Each year, the specter of ovarian cancer continues to affect tens of thousands of women in the United States alone. The American Cancer Society estimates that over 21,000 women will receive a new diagnosis annually, with a tragic toll of more than 12,450 lives lost to the disease. The established first-line treatment protocol typically involves cytoreductive surgery, often a complete hysterectomy, followed by platinum-based chemotherapy. However, a significant challenge persists: the majority of patients are diagnosed at advanced stages, leading to a high incidence of platinum resistance and recurrent disease. The therapeutic options for these patients remain limited, underscoring the urgent need for novel treatment strategies.
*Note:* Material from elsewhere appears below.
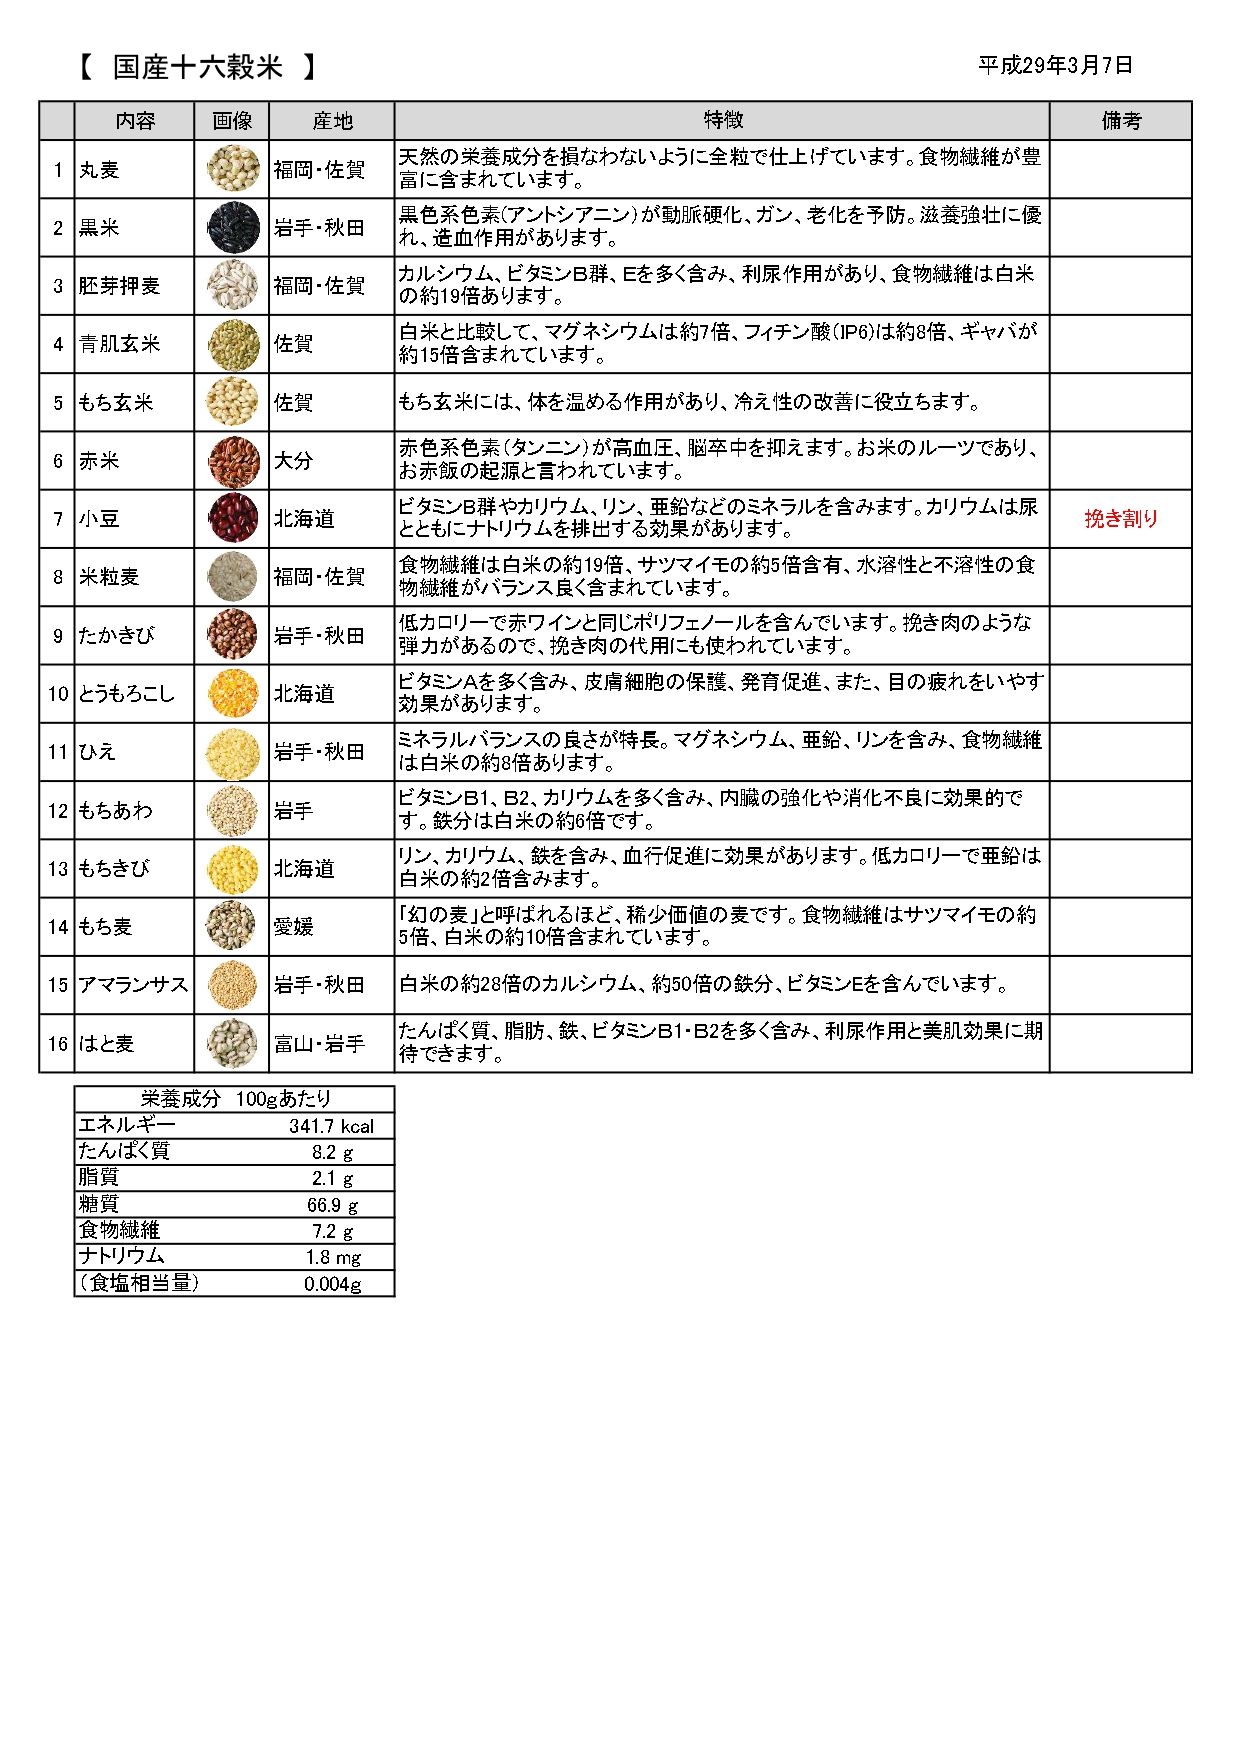 原料特徴オリジナル国産十六穀米 page 0001

Developments and Opportunities in 2026: A Shifting Paradigm
Dr. Edward Dow, MD, a distinguished medical oncologist based in Boston and Global Lead for Solid Tumor Research in Caidya’s oncology and hematology department, observes that the ovarian cancer landscape has witnessed notable progress. Recent FDA approvals have offered new avenues for patients with platinum-resistant ovarian cancer, including pembrolizumab in combination with paclitaxel for PD-L1-positive individuals, and relacorilant in conjunction with nab-paclitaxel. While these approvals represent positive steps forward, Dr. Dow characterizes them as incremental rather than transformative.
"Platinum-refractory ovarian cancer has been a real barrier for a long time," Dr. Dow stated. "The big breakthrough has been mirvetuximab for folate receptor alpha (FRα)-positive platinum refractory ovarian cancer. That was significant, but FRα is only expressed in about 25% of patients. And if you look up the guidelines, it’s doctor’s choice for a second agent, meaning there’s really no standard of care."
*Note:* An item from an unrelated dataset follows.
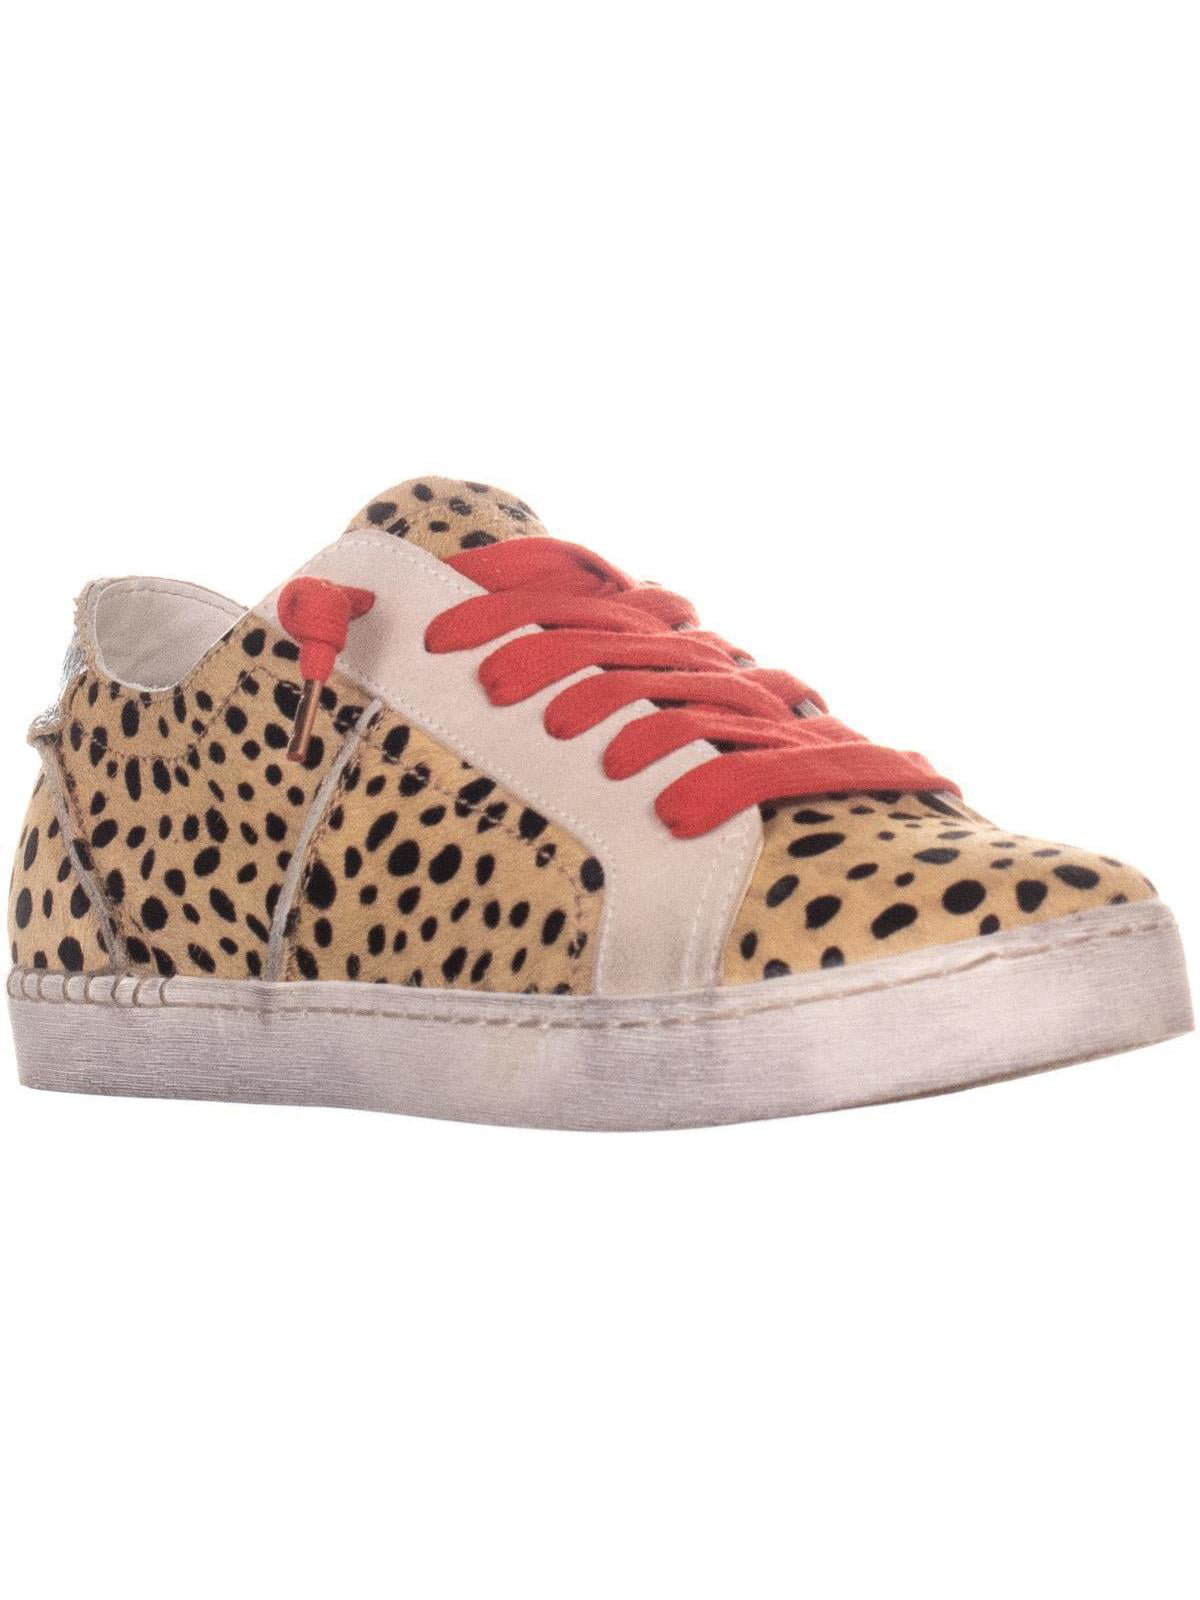 dolce vita leopard sneakers

This persistent unmet need presents a fertile ground for biotechnology innovators. The development of effective front-line treatments that can reduce relapse rates and prolong progression-free survival is a critical priority. Furthermore, the search for alternative treatment options for platinum-refractory patients continues, with targeted approaches such as antibody-drug conjugates (ADCs), immune checkpoint inhibitors, and oncolytic viruses showing considerable promise.
The growing importance of biomarkers has been another significant development in recent years. While ovarian cancer has historically been considered a heterogeneous disease that was "late to the game" in adopting genomic profiling and personalized treatment strategies, this is rapidly changing. Biomarkers such as BRCA1/2 mutations are now integral to defining genetic subtypes and guiding appropriate treatment paradigms in the initial treatment setting. Concurrently, substantial advancements in FRα research are actively shaping strategies for later lines of therapy.
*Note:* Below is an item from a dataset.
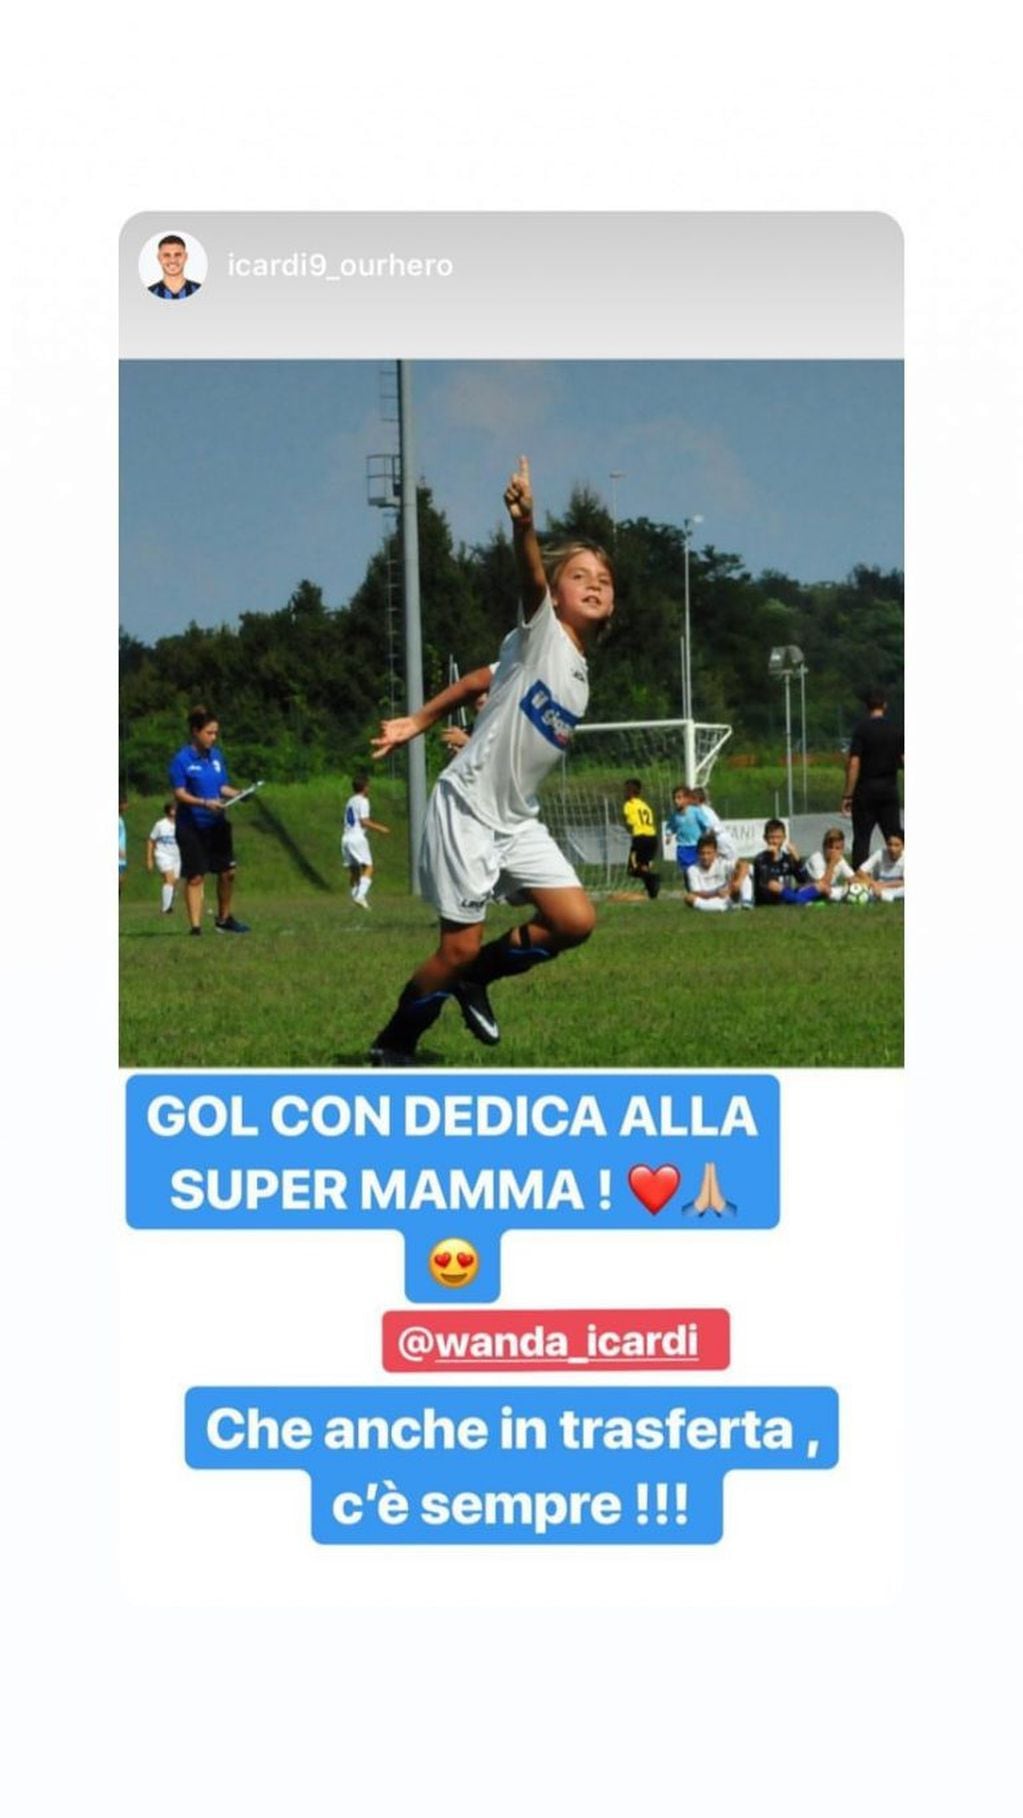 Wanda Nara acompañó a jugar al fútbol a su hijo Valentino y él le dedicó un gol. Instagram/wanda_icardi

A Challenging Landscape for Today’s Trials: Escalating Complexity
Analysis from GlobalData highlights a dramatic surge in clinical trial activity. In 2025, a notable 29 Phase III studies were initiated in ovarian cancer, nearly doubling the number from 2024 and representing a 26% increase compared to the previous record year. The first four months of 2026 have already surpassed the total number of new ovarian cancer trials initiated by the end of 2023, with 86 ongoing Phase III trials worldwide and an additional 28 in the planning stages.
This intensified research activity, common across many areas of oncology, has led to a highly competitive environment, particularly in the race to develop novel ADCs and combination therapies. Compounding this competition is the increasing complexity of trial protocols. Many studies now incorporate multiple arms or cohorts to evaluate various treatment combinations, including maintenance cohorts designed to disentangle the effects of therapies like PARP inhibitors from the initial induction regimens. As treatment outcomes improve and expand, trials are increasingly required to measure a broader array of biomarkers and multiple endpoints, necessitating more sophisticated monitoring and complex statistical modeling.
Ovarian cancer, already classified as a rare disease, faces further enrollment challenges as patient stratification and precision biomarker strategies become paramount. This trend often necessitates larger overall sample sizes to ensure statistically meaningful subgroup analyses, making large, multinational studies indispensable.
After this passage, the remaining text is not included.